«Ich musste meinen Ehering verkaufen»

CSI-Mitarbeiter Joel Veldkamp besuchte kurz vor Weihnachten 2013 christliche Familien, die vor Islamisten in die Ninive-Ebene geflüchtet sind. Dort ist es sicherer, aber Arbeit gibt es kaum. Auswandern scheint vielen der einzige Ausweg zu sein.

«Schiitische Extremisten kamen zweimal zu unserem Haus und nötigten mich, meine Arbeit aufzugeben», erzählte mir Hani. «Sie drohten, mich zu erschießen, wenn sie mich ein drittes Mal antreffen.» Das geschah in Bagdad im Jahr 2006. Hani wohnte mit seiner Familie in einem mehrheitlich schiitischen Quartier. Wie vielen anderen christlichen Familien in Bagdad blieb Hani nichts anderes übrig, als mit seiner Frau Amira und seinen fünf Kindern zu flüchten. Sie wussten, dass die schiitischen Extremisten es ernst meinten: «Christen aus unserem Bekanntenkreis wurden getötet. Bewaffnete kamen in ihren Laden und brachten sie um.» 

Ein Raum für sieben Leute

Ich besuchte die Familie kurz vor Weihnachten 2013 in ihrem Dorf in der Ninive-Ebene. Zusammen mit der Menschenrechtsorganisation Hammurabi, unserem Partner im Irak, verteilte ich an christliche Flüchtlinge Winterjacken. Sie seien hierhergekommen, weil Amiras Vater hier lebt, erzählte die Familie. Zuerst wohnten sie bei ihm, später zogen sie in eine der Wohnungen, die die Behörden für die Flüchtlinge gebaut hatten. Sie bezahlen für die Wohnung 70 Franken Miete pro Monat. Es ist eng – sieben Personen wohnen hier auf engem Raum zusammen.

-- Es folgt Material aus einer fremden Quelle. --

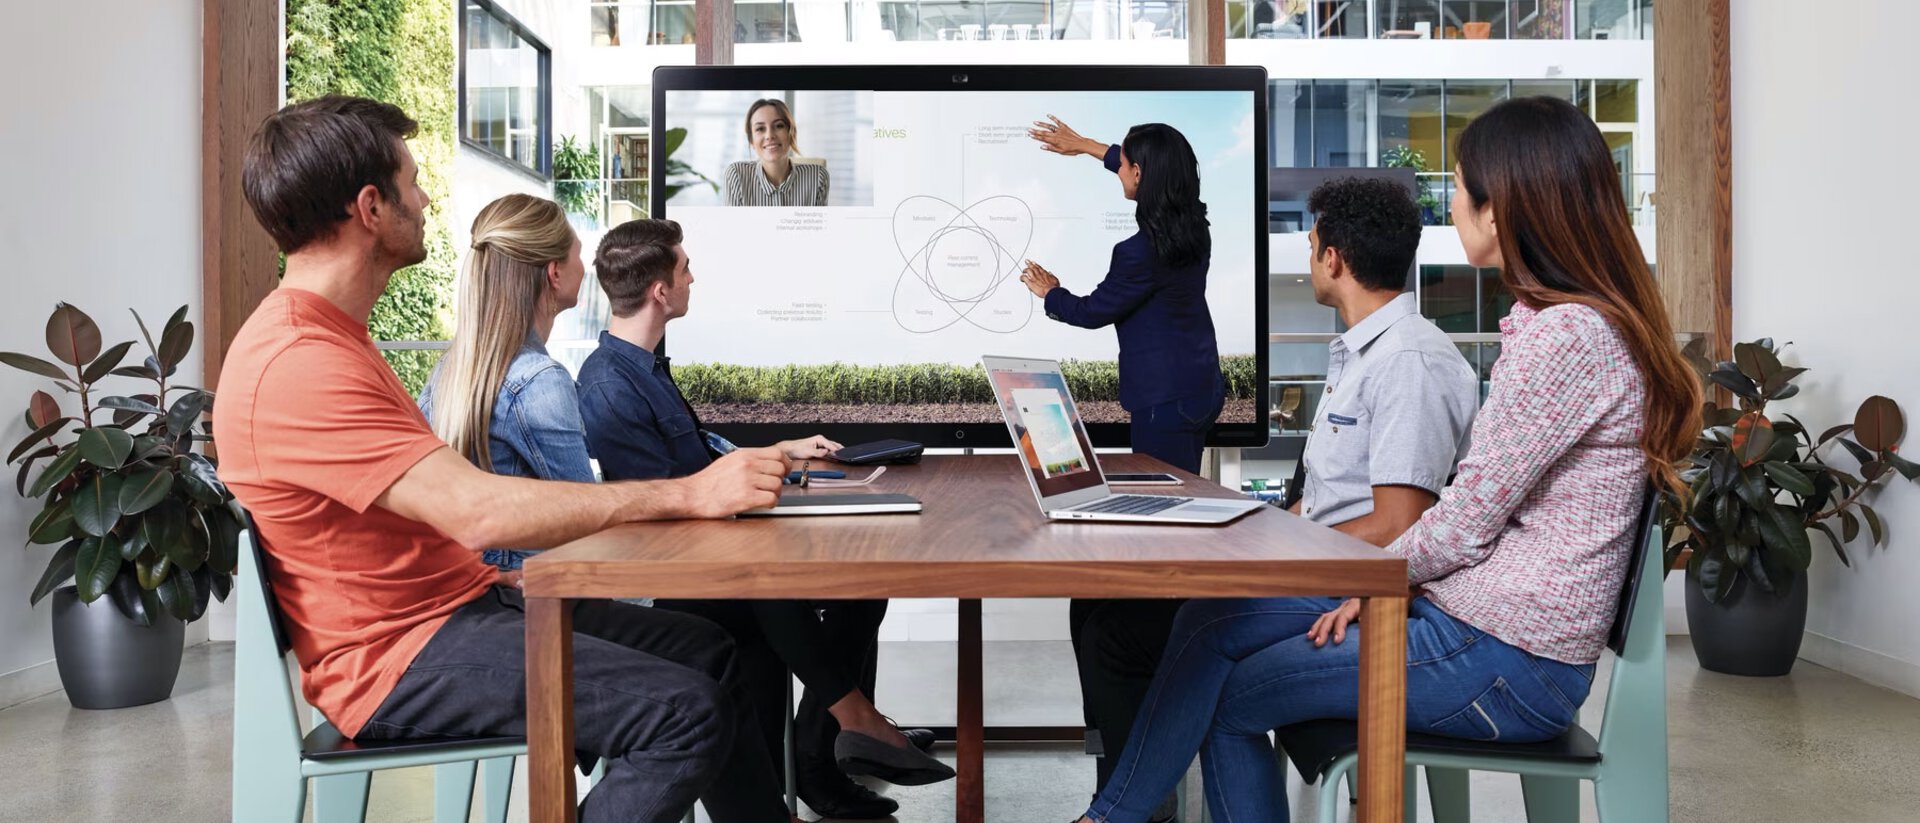 Fünf Personen sitzen an einem großen Tisch im Hybriden Meeting, eine Person zeigt etwas am Bildschirm, eine Person nimmt virtuell teil
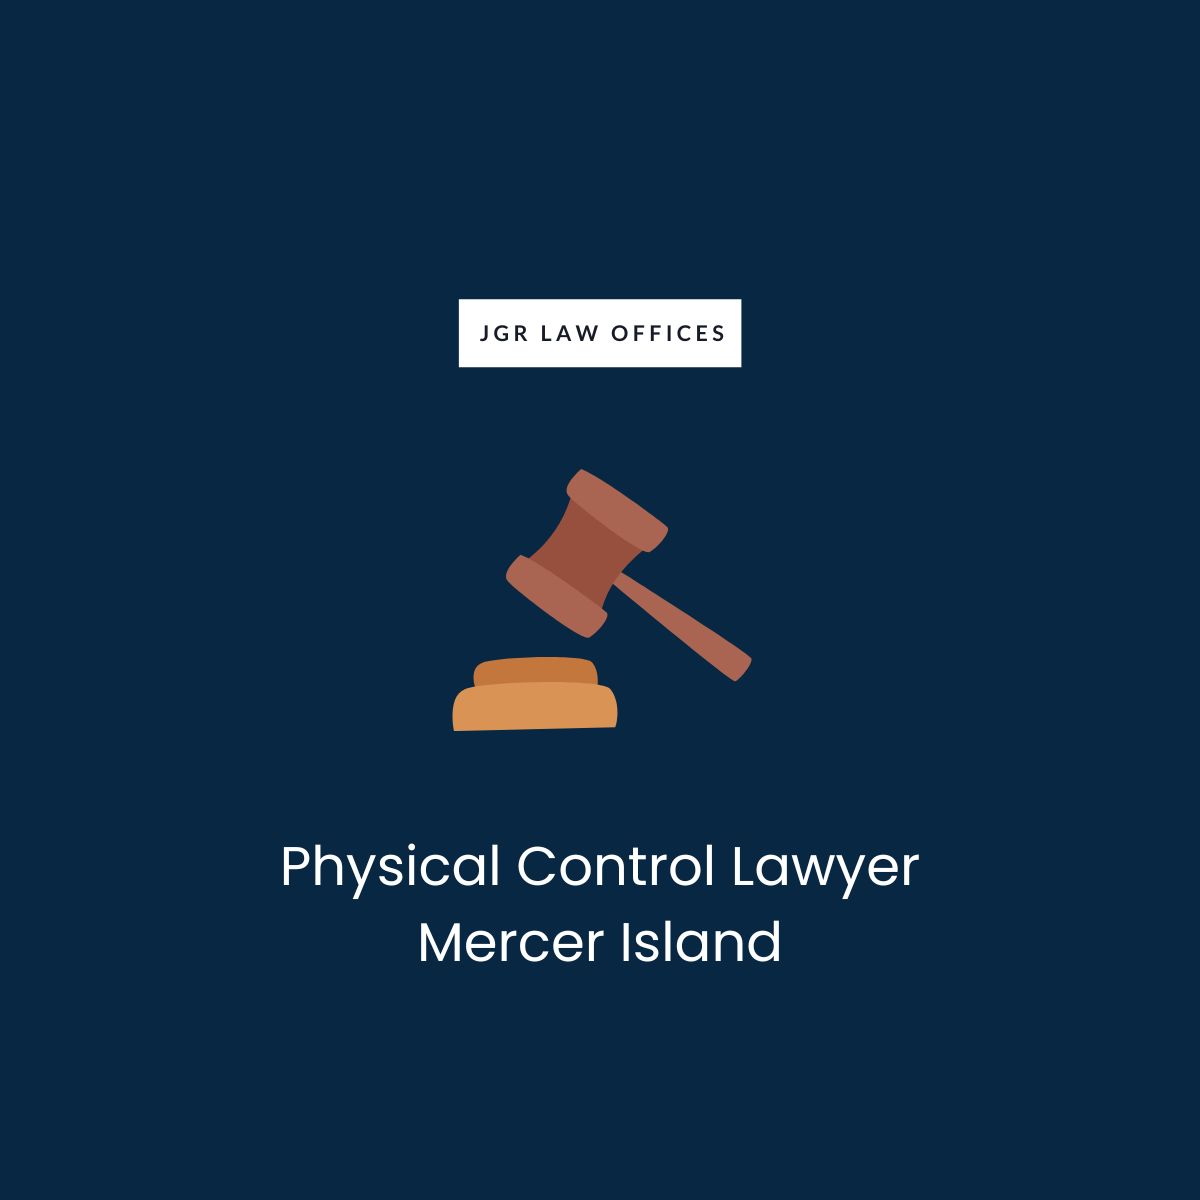 Physical Control Attorney Mercer Island Physical Control Physical Control

«Drei von uns essen stehend, weil wir nicht genügend Stühle haben», erzählt Hani. «Es gibt keinen anderen Ort, wohin wir gehen könnten; wir haben kein Geld, um Land zu kaufen.» Es ist hier zwar sicherer als in Bagdad, aber es gibt keine Arbeit. Der älteste Sohn, er ist 24-jährig, hat Arbeit in Erbil gefunden, einer Stadt im Kurdengebiet im Norden des Iraks, die einen rasanten wirtschaftlichen Aufschwung erlebt. «Wir leben alle von seinem Gehalt», sagt Hani.

Hohe Medikamentenkosten

Die Familie muss hohe Medikamentenkosten tragen: Der Teenager Randy leidet wegen der Luftbombardements in Bagdad an einer posttraumatischen Belastungsstörung. Manchmal kaue er an seinen Fäusten. Die Krankheit beeinträchtige auch seine Ausbildung. Er sei erst in der dritten Klasse, dabei müsste er vom Alter her bereits die siebte besuchen. Seine Medikamente kosten etwa 60 Franken pro Monat. Hani selber braucht Medikamente gegen eine Entzündung der Bauchspeicheldrüse (75 Franken pro Monat) und Amira gegen hohen Blutdruck und einen hohen Cholesterinspiegel (40 Franken pro Monat). «Ich habe sogar meinen Ehering verkaufen müssen, um die Medikamente bezahlen zu können», sagt Amira traurig. Für die Kinder gebe es hier keine Zukunft. «Wir wollen auswandern. Wir warten auf Gottes Barmherzigkeit.» Auch wenn ihre Situation hoffnungslos scheint: Diese Leute haben mich beeindruckt. Ihre Großzügigkeit trotz aller Armut und die große Dankbarkeit haben mich sehr berührt. Ich bin froh, dass wir während der nächsten Monate einen Teil der Medikamentenkosten übernehmen können.